Его глаза были затенены краями шляпы, но она могла сказать, что они были темными, зелено-орехово-голубыми, с мелкими белыми прожилками, которые заставляли их мерцать.

С внешней стороны уголков глаз образовались морщинки, появившиеся, должно быть, за годы, когда он щурился под солнцем, поскольку он уж точно не производил впечатление человека, получившего эти бороздки от смеха. Его лицо было суровым и твердым, заставляющим ее задуматься, как бы он выглядел, если бы улыбнулся, и заинтересоваться, был ли он когда-либо беззаботным. Этому мужчине были знакомы трудные времена и тяжелая работа.

– Пойдемте, захватим остальной багаж, – сказал он, нарушая безмолвное противоборство. Дорога обратно на ранчо была длинной, и ему не терпелось двинуться в путь. Работу по хозяйству необходимо было сделать независимо от того, как поздно он вернется.

Его голос был глубоким и немного хриплым. Маделин отметила его жесткую текстуру и кивнула на сумку.

– Вот.

– Это все?

– Да.

Если вся ее одежда была в той маленькой сумке, то она, несомненно, не строила больших планов произвести на него впечатление своим гардеробом, извращенно подумал он. Разумеется, самое сильное впечатление она бы произвела вообще без одежды.

Он наклонился, чтобы поднять багаж, все еще держа свою ладонь на ее руке. Она была чистой, ходячей провокацией, полностью неподходящей для жизни на ранчо, но каждый мужской гормон в нем звенел, издавая аварийные сигналы. Она просто собиралась провести здесь день; так почему бы ему не насладиться ее пребыванием? Это было бы нечто вроде последнего броска перед тем, как он остепенится с кем-то, кто лучше подготовлен к работе, а работа будет. Ранчо требовало тяжелого труда, а по Маделин Паттерсон нельзя сказать, что она когда-либо сталкивалась с этим понятием.

Тем не менее, прямо сейчас, он не возражал, потому что она была столь чертовски соблазнительна, а он до смерти устал за эти безжалостные месяцы – годы – работы по шестнадцать часов в сутки и каторжного труда. Сегодня вечером, после того, как он закончит с работой по хозяйству, он возьмет ее поужинать; возможно, они сходят к Джасперу потанцевать, и он какое-то время будет держать ее в своих объятиях, чувствовать мягкость ее кожи, запах духов. Кто знает, возможно, когда они вернутся на ранчо, им не понадобятся отдельные кровати. Но сперва ему нужно будет сказать ей, что она не подходит для такой работы, тогда не возникнет никаких недоразумений, но, может быть, это не имеет для нее никакого значения. Может быть.

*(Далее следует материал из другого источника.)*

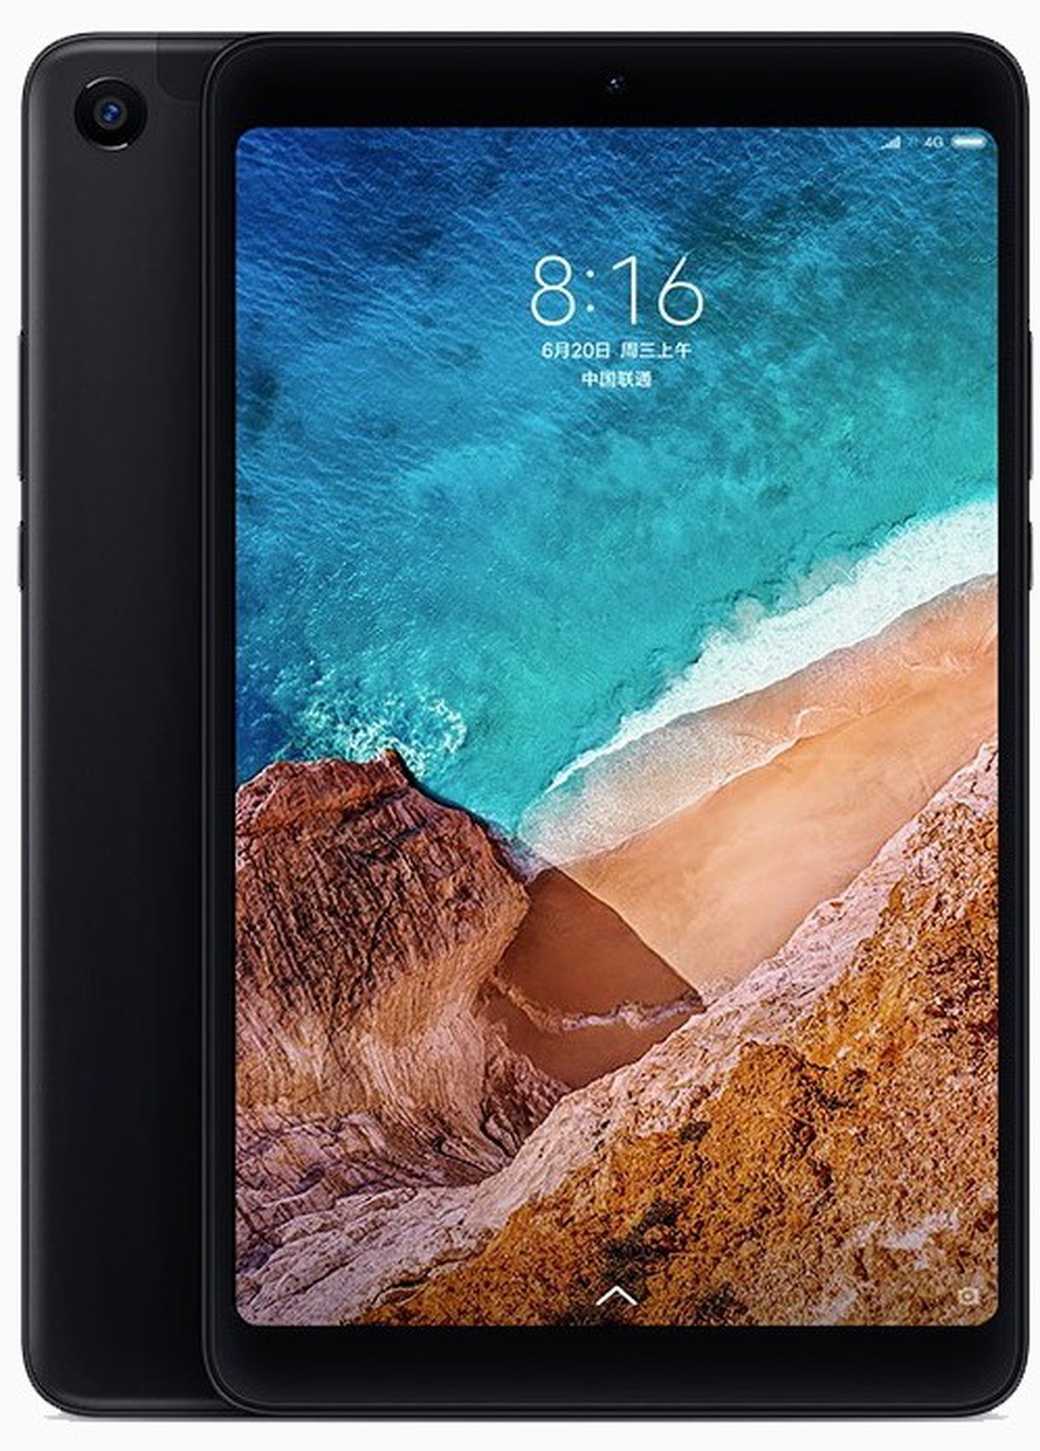 Xiaomi MiPad 4 Plus - короткий но максимально информативный обзор Для большего удобства добавлены характеристики отзывы и видео

Его ладонь естественным образом переместилась с ее руки на спину, пока он выводил ее из терминала. Не торопясь, он начал очаровывать ее, так же, как когда-то делал с женщинами столь же легко, как улыбался. Те дни давно прошли, но ощущения остались. Она, слава Богу, болтала с легкостью, задавая вопросы о Монтане, и он так же легко отвечал на них, позволяя ей расслабиться и почувствовать себя комфортно, все это время изучая выражение ее лица.

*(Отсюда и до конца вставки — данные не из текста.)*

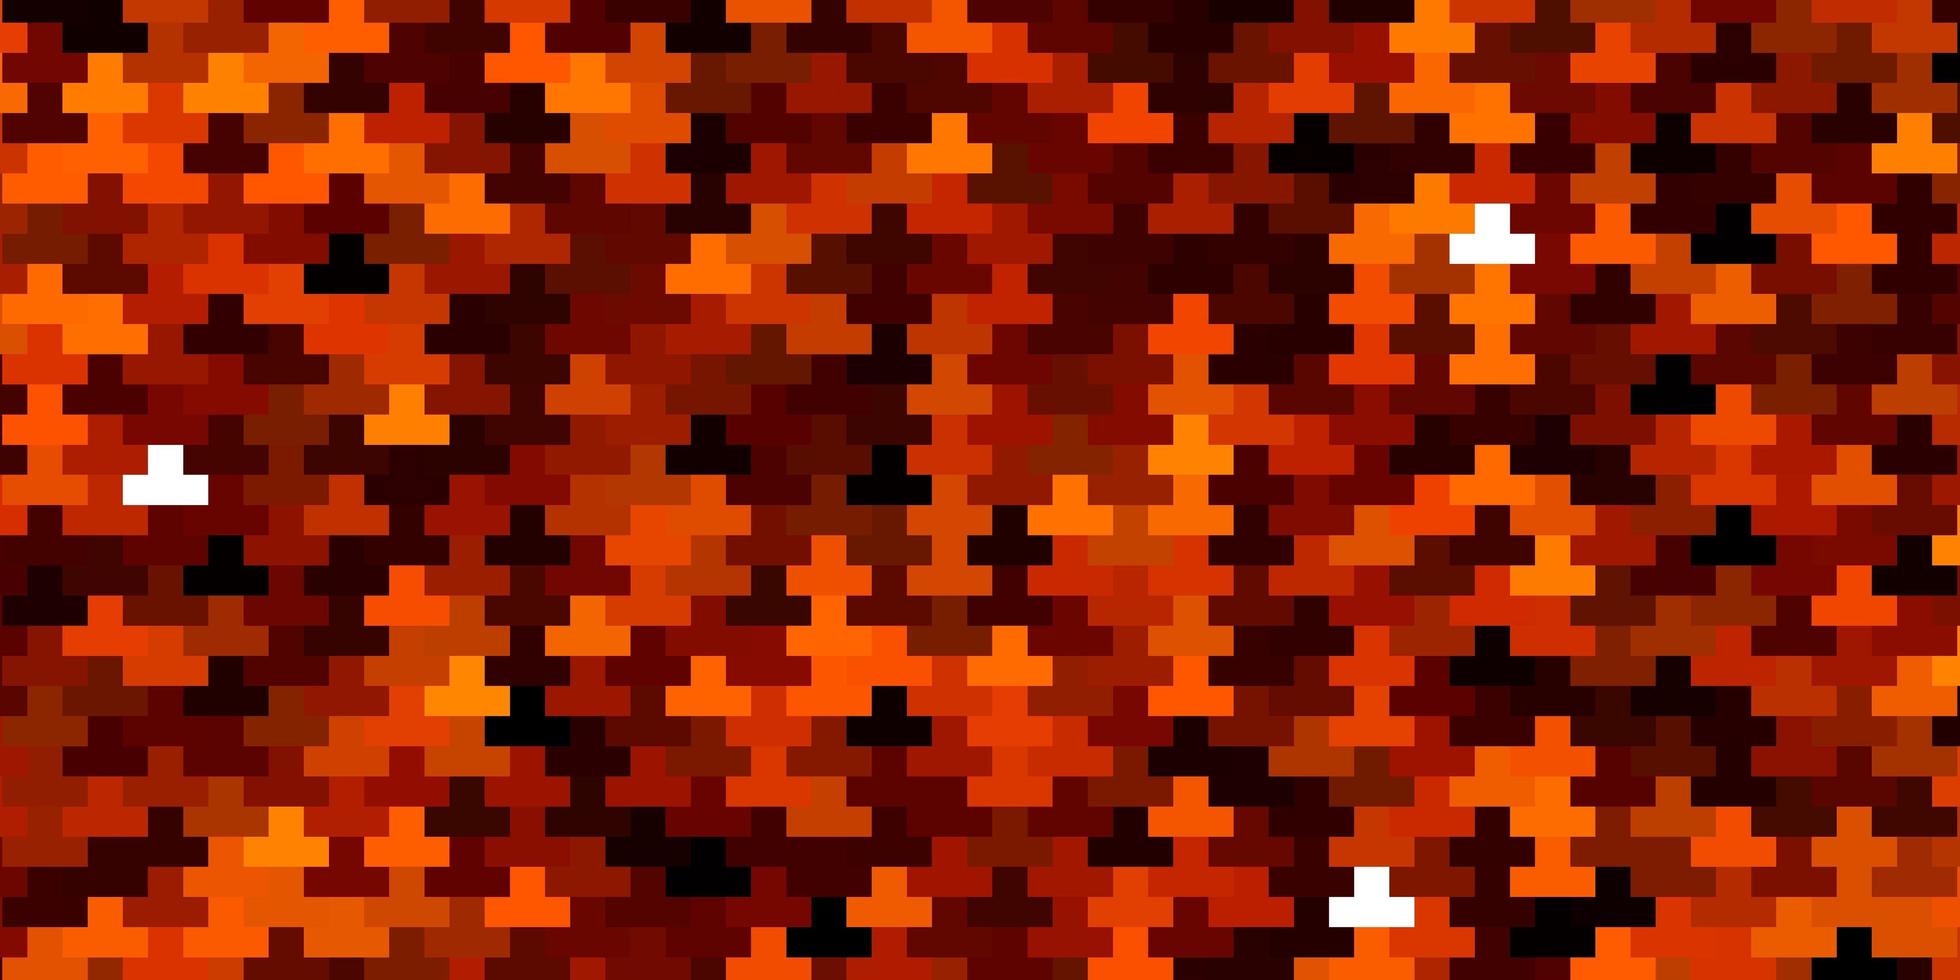 padrão de vetor laranja escuro em estilo quadrado.

Строго говоря, она была просто симпатичной, но ее лицо освещалось такой живостью, которая делала ее потрясающе привлекательной. Ее нос имел незначительную горбинку и был лишь чуточку изогнут. Легкая россыпь веснушек покрывала переносицу и рассеивалась по изящно высеченным скулам. Скулы мирового класса, точно так же, как и ее ноги. Губы были не полными, но широкими и подвижными, как будто она всегда готова улыбнуться. А глаза – самыми серыми глазами, которые он когда-либо видел. Они казались спокойными и сонными, однако, при более близком изучении, обнаруживали внимательность и остроумие, хотя он не понимал, что она могла найти столь забавным.

Если бы он встретил ее до своего поганого брака и гибельного развода, то вцепился бы в нее мертвой хваткой и, ей Богу, заполучил бы. Одна лишь мысль об этих ногах, обернутых вокруг его талии, доводила его до мгновенного и неприличного возбуждения. Тем не менее, он ни за что не позволит своим яйцам впутать его в еще один неподходящий брак. Он знал, чего хотел от жены, а в Маделин этого не было. Глядя на нее, нельзя было сказать, что она когда-либо хотя бы видела кастрированного бычка.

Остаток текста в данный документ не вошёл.